Sheep graze beside the prehistoric monument at Stonehenge in southern England, on April 26, 2020, closed during the national lockdown due to the novel coronavirus COVID-19 pandemic. (AFP)
Sheep graze beside the prehistoric monument at Stonehenge in southern England, on April 26, 2020, closed during the national lockdown due to the novel coronavirus COVID-19 pandemic. (AFP)

The United Nations’ cultural agency rejected recommendations Wednesday to place Stonehenge on the list of world heritage sites in danger over concerns that Britain’s plans to build a nearby highway tunnel threaten the landscape around the prehistoric monument.
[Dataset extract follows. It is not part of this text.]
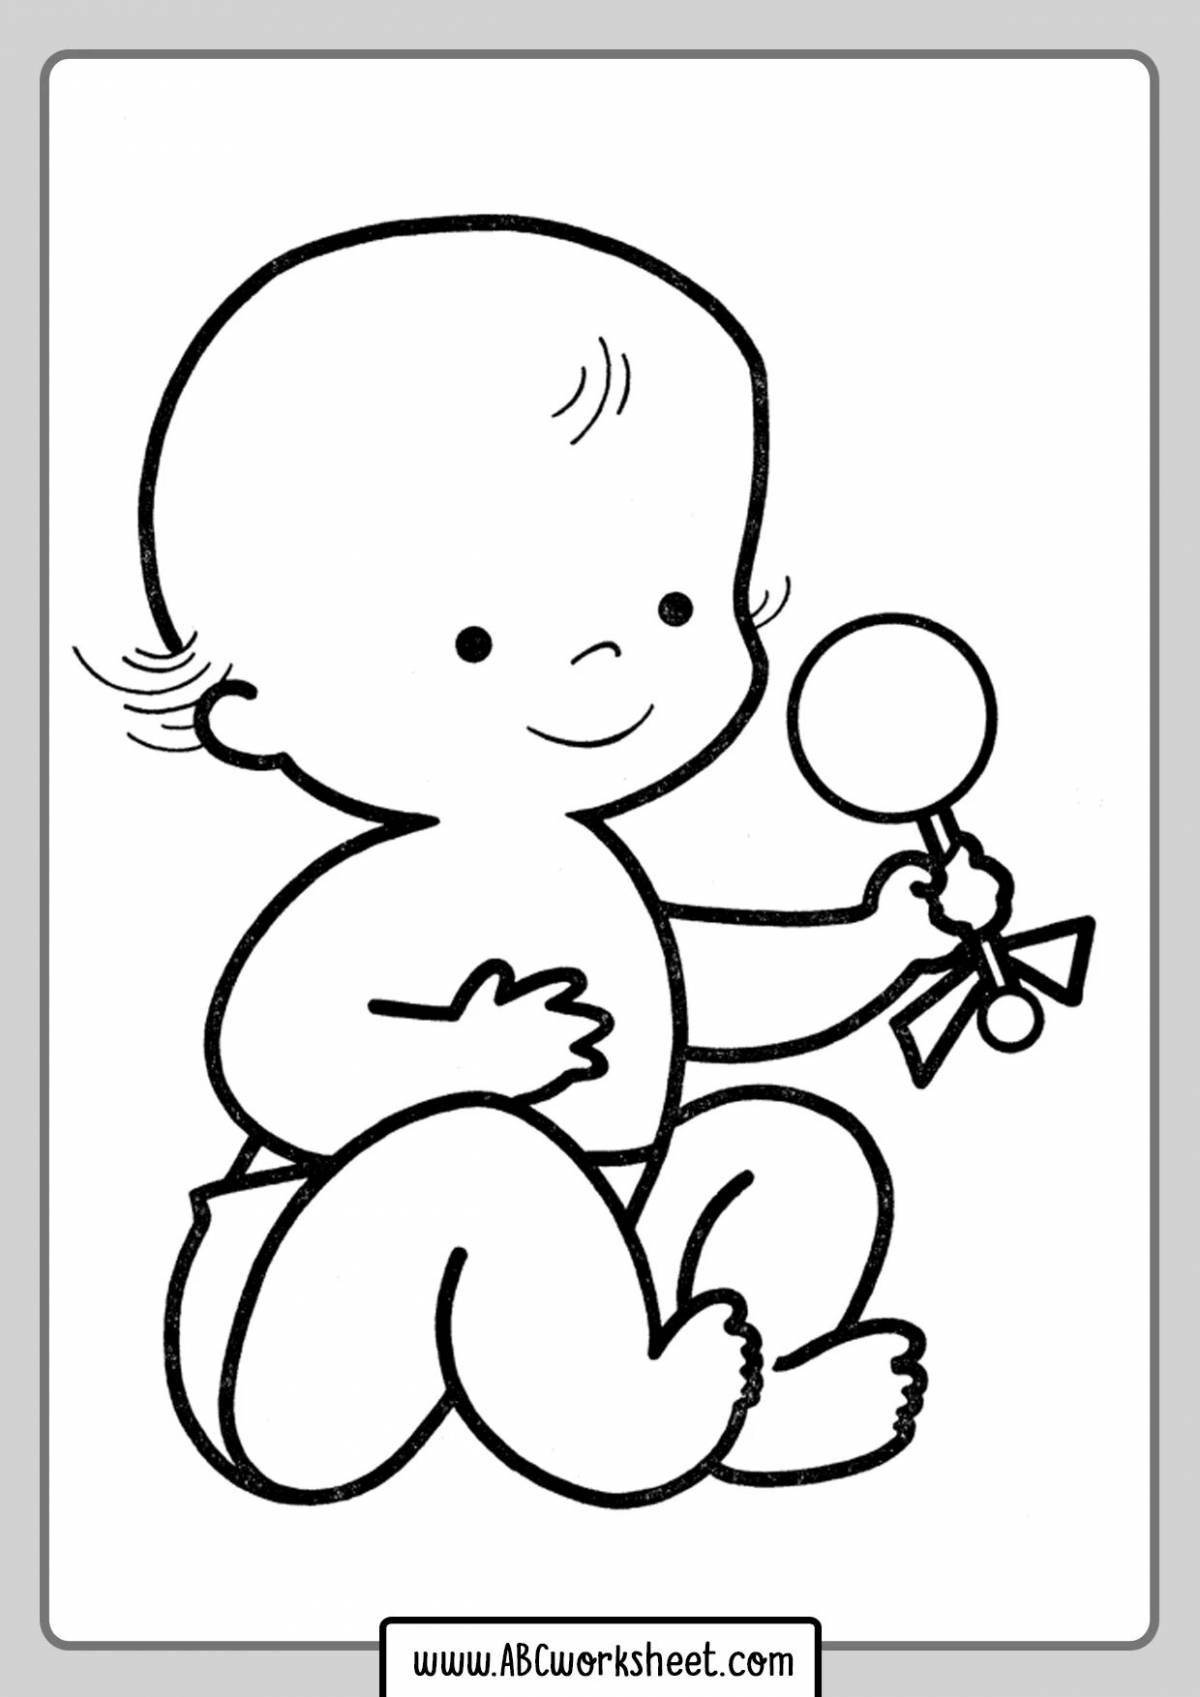 Color-fiesta coloring book for baby
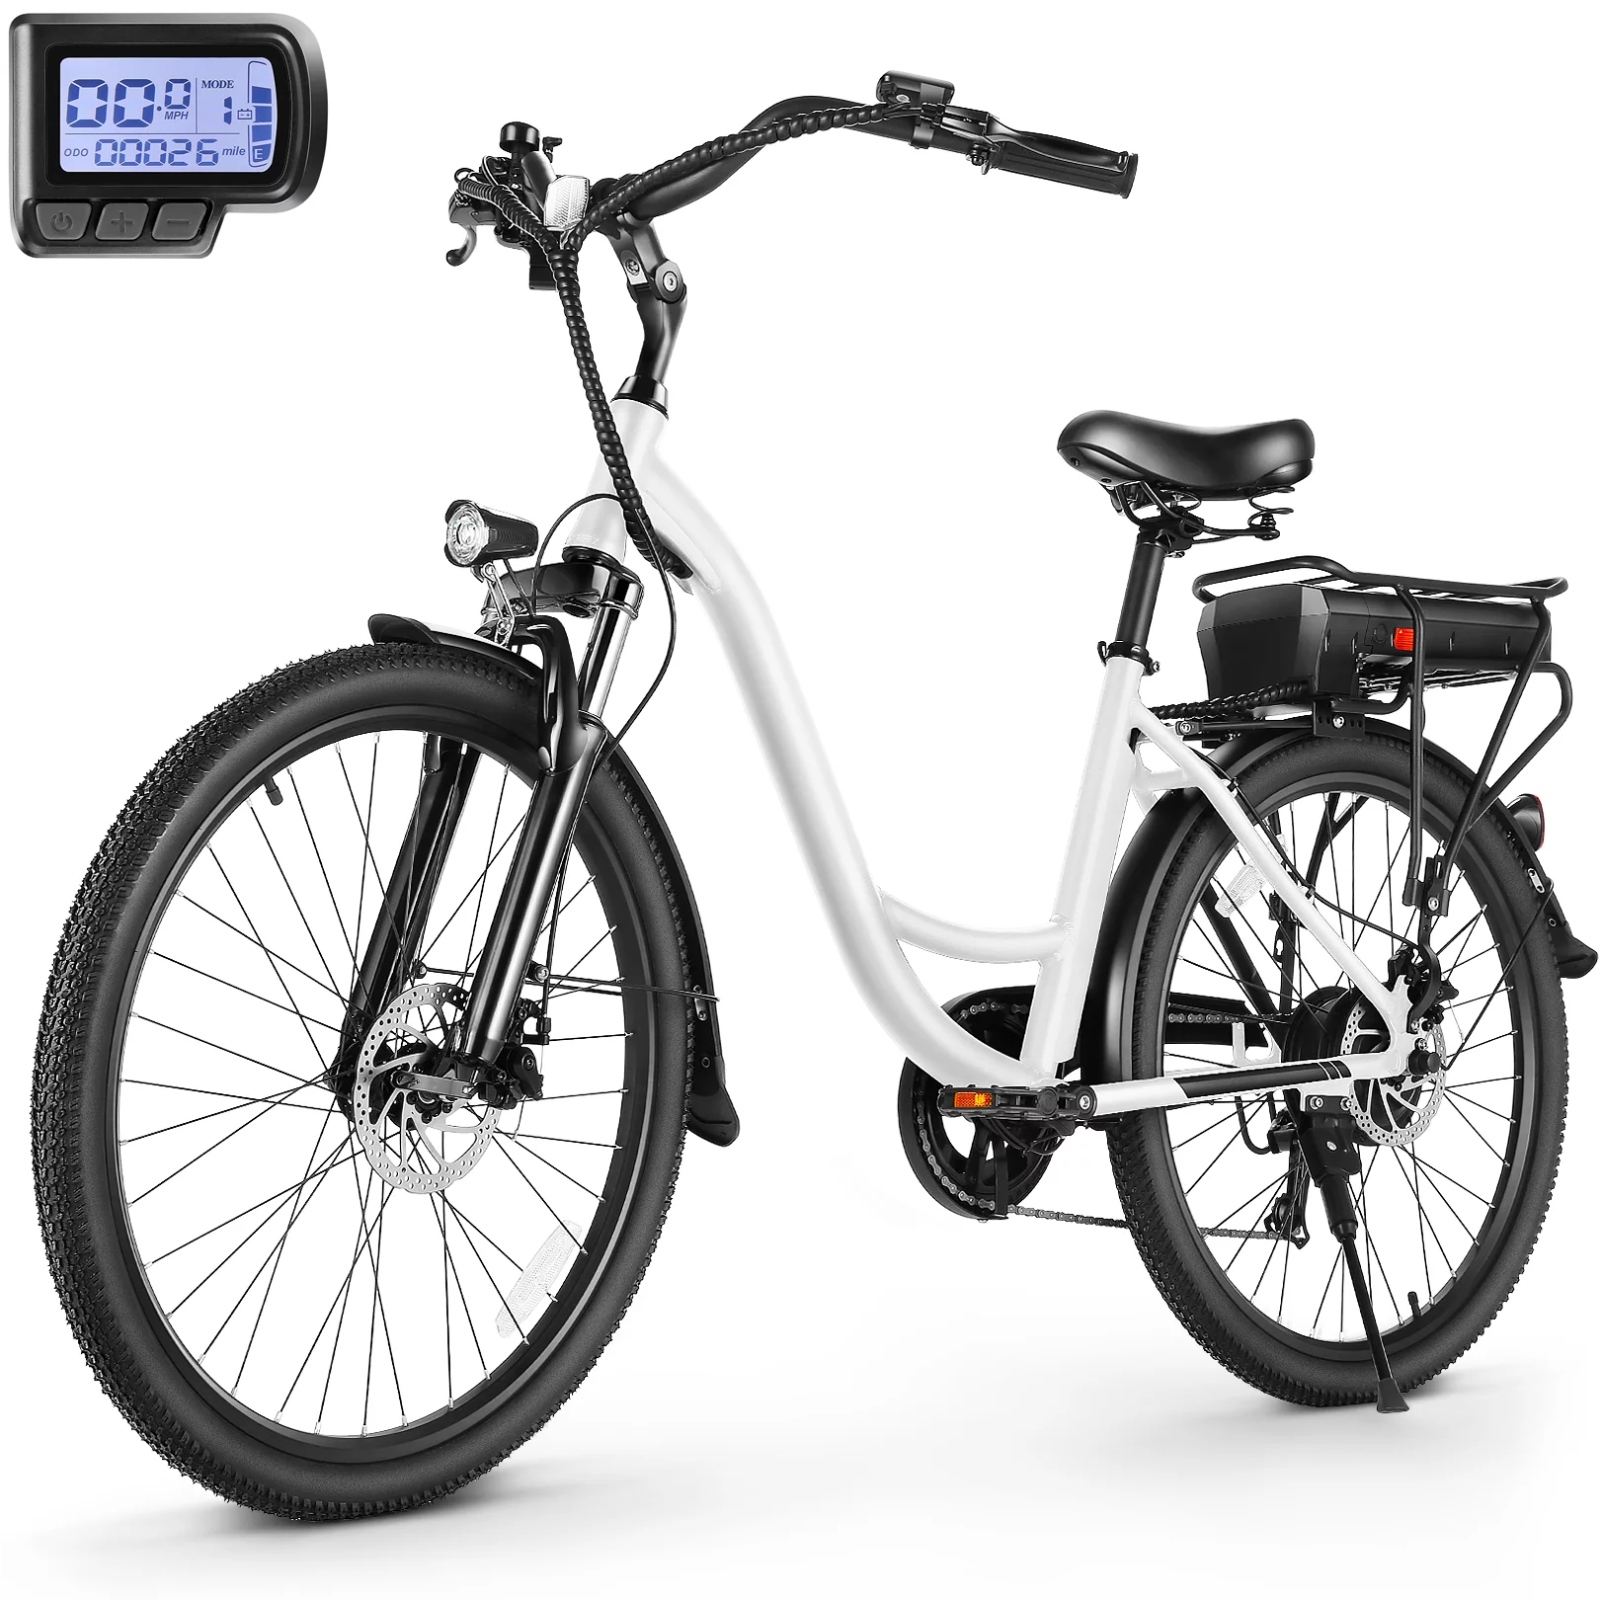 Electric Bike, 26" x 4" Fat Tire Electric Bike for Adults 500W 19.8MPH Electric Mountain Bicycle Snow Beach Ebike, 48V 10.4Ah Battery, Lockable Suspension Fork, LCD Display, Fast Charge, Red - image 8 of 16

UNESCO experts had recommended listing Stonehenge, a prehistoric stone circle on a plain in southern England, as “in danger” over controversial plans to redevelop the nearby highway that would include the creation of a new tunnel aimed at trying to ease traffic along a stretch of road widely prone to gridlock.

Had the 46th session of the World Heritage Committee in New Delhi backed that recommendation, then British authorities would have come under pressure to think again.

UNESCO says a site’s inclusion on its List of World Heritage Sites in Danger is not punitive. Rather, it is aimed at drawing international attention to the urgent need for conservation measures and “encourage corrective action.” If issues are not rectified, sites face the possibility of being de-listed by UNESCO, though that is rare.

Britain was joined by others, including Kenya and Qatar in arguing that efforts to mitigate the effect on the site of the planned tunnel were sufficient and that it should not be added to the “in danger” list.

A spokesperson for the British government welcomed the decision over what is one of the country's “oldest and most celebrated sites.”

Stonehenge was built on the flat lands of Salisbury Plain in stages, starting 5,000 years ago, with the unique stone circle erected in the late Neolithic period about 2,500 B.C.

It was added to the UNESCO World Heritage List in 1986 — an honor bestowed upon sites that have special cultural or physical significance.

The highway project, which has been touted for decades and mired in legal challenges, is aimed at trying to ease traffic along a stretch of road prone to gridlock by moving the main highway underground and slightly farther away from the famous stone circle.

The A303 highway, which is a popular route for motorists traveling to and from the southwest of England, is often severely congested around the single-lane section of road near Stonehenge. As part of widespread improvements, a two-mile tunnel is being planned that will effectively remove the sight and sound of traffic passing the site, and cut journey times.

The plan has faced fierce opposition from local residents and archaeologists, as well as concern from UNESCO, over potential damage to the environment, wildlife and possible new archaeological finds.

Last week, campaigners seeking to halt the plan began their latest legal challenge at the UK's Court of Appeal.

Kenya, in amending the recommendation to list the site as in danger, focused on the fact that the main stone circle would be farther away from the road with the new construction, and not the experts' assessment that the road project would significantly impact the greater site. It also noted that Britain had considered more than 50 proposals for the highway plan.

After rejecting the proposal to list Stonehenge as in danger, the committee agreed to ask Britain for an updated report on the state of conservation of the property by December 2025.